How to understand the search pattern that regex defines?
Summary
Regex stands for Regular Expression. It’s written in plain English, and you can search through large amount of data by using characters.
In the following table of contents you can go and learn more about a specific branch of regex.
Table of Contents
- Components
- Anchors
- Recursive
- Quantifiers
- OR Operator
- Character Classes
- Flags
- Grouping and Capturing
- Bracket Expressions
- Greedy and Lazy Match
- Boundaries
- Back-references
- Look-ahead and Look-behind
- Author
Components
Single Characters
All from the keyboard.
except
`(^ . [ $ ( ) | * + ? { \)`
// this are operator characters //
Wild Card
The period by itself .
It matches everything, but \n (newline).
Bracket Expressions
Represents a character set.
It's an exact target string. [' and ']
Control characters
A backslash, \,
followed by one of the characters
`a, b, f, n, r, t, v`
Escape character sets
Special sequences set.
\d is a digit character: [0-9]
\w is word (program identifier) character:
[A-Za-z0-9_]
Anchors
Special sequences that match an empty substring:
^ matches at the beginning of the target string
$ matches at the end of the target string
\b = word boundary.
Recursive
Any regular expression surrounded by parentheses is an atom:
( regular_expression )
Quantifiers
To generate unbounded matching possibilities and other matching amount specifications.
An atom can optionally be followed by one of these quantifiers:
* represents 0 or more occurrences of the atom
+ represents 1 or more occurrence of the atom
? represents 0 or 1 occurrences of the atom
{n} represents n ocurrences of the atom
{m,n} represents m and n of the atom
OR Operator characters:
(^ . [ $ ( ) | * + ? { \)
Character Classes
This defines the type of character.
Flags
Consists of a pattern and optional flags.
regexp = new RegExp("pattern", "flags");
Grouping and Capturing
A way to treat multiple characters as a single unit.
(regex)
// Allowing to apply regex operators to the entire regex group.
Bracket Expressions
s a list of characters enclosed by:
[ ' and ' ]
Greedy and Lazy Match
'Greedy' means match longest possible string.
'Lazy' means match shortest possible string.
Boundaries
Is a position between
\w and \W (non-word char)
At the beginning or the end of a string if it begins or ends (respectively) with a word character.
Back-references
A backreference in regex identifies a previously matched group and looks for exactly the same text again.

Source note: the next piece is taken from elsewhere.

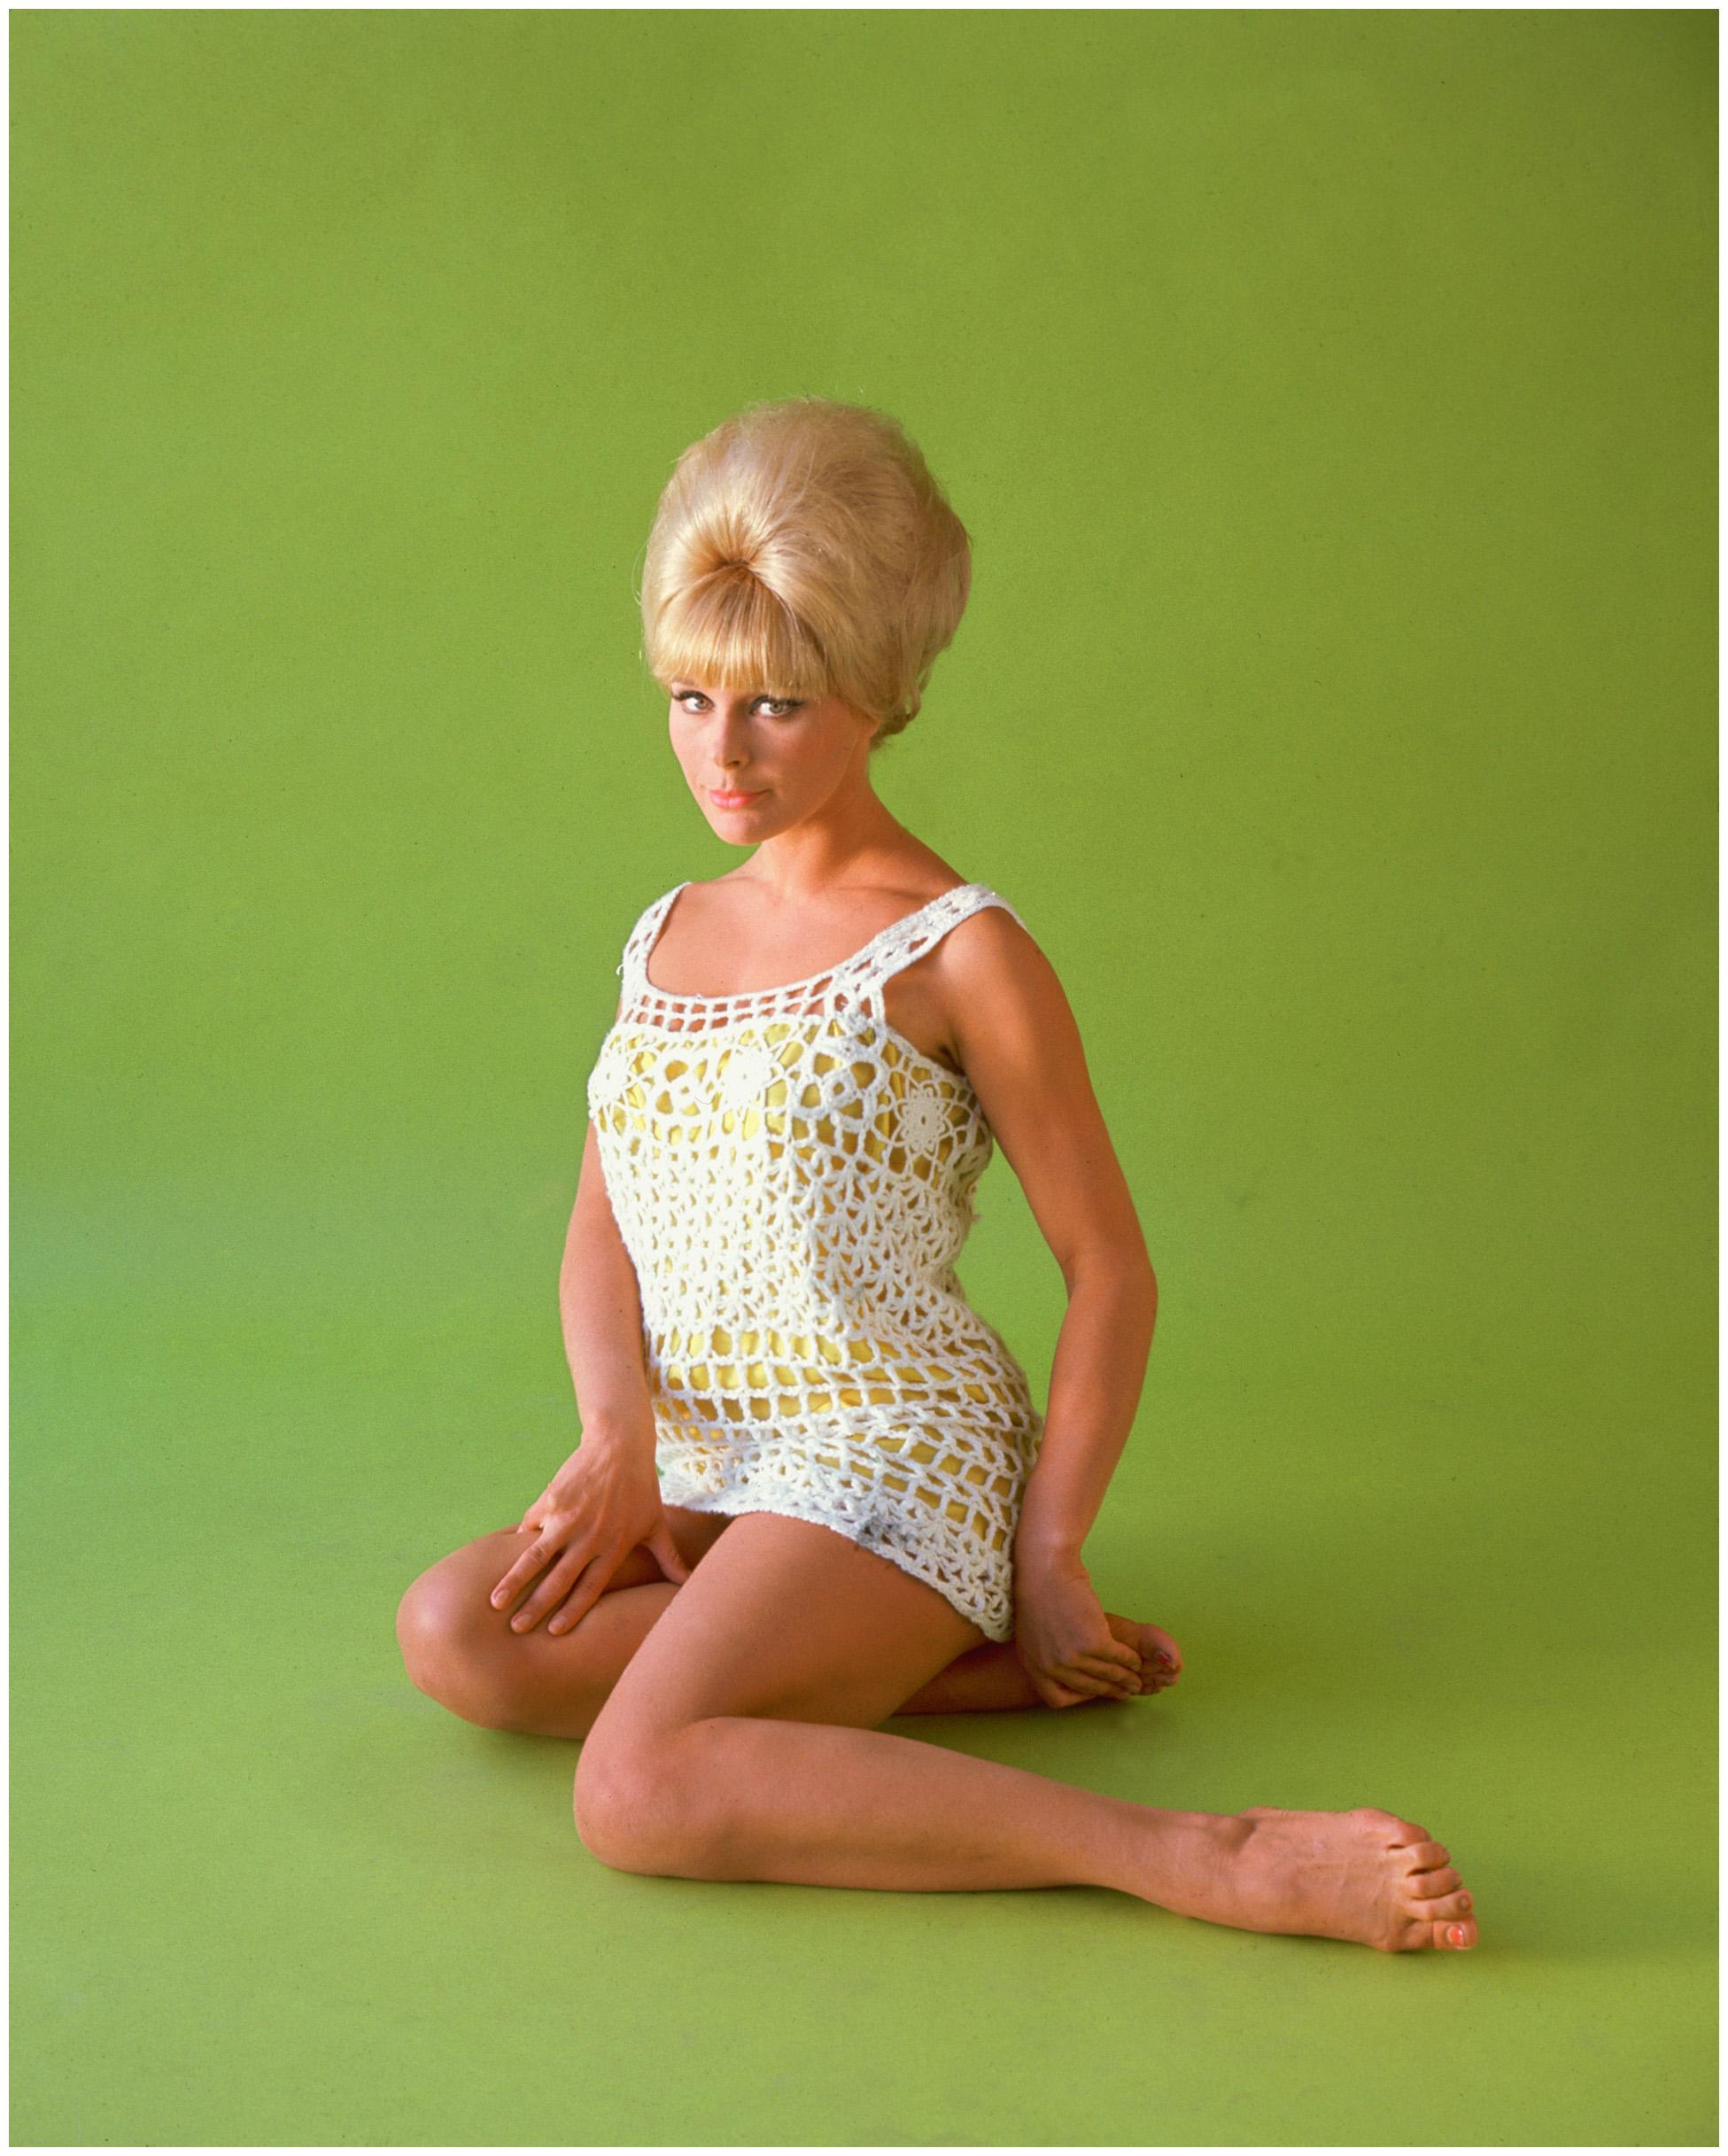 Blonde bombshell 24 femmes per second - Femme blonde photo ...

Look-ahead and Look-behind
Also known as “lookaround”
(?!) - negative lookahead
(?=) - positive lookahead
(?<=) - positive lookbehind
(?<!) - negative lookbehind
(?>) - atomic group
bar(?=bar) finds the 1st bar ("bar" which has "bar" after it)
bar(?!bar) finds the 2nd bar ("bar" which does not have "bar" after it)
(?<=foo)bar finds the 1st bar ("bar" which has "foo" before it)
(?<!foo)bar finds the 2nd bar ("bar" which does not have "foo" before it)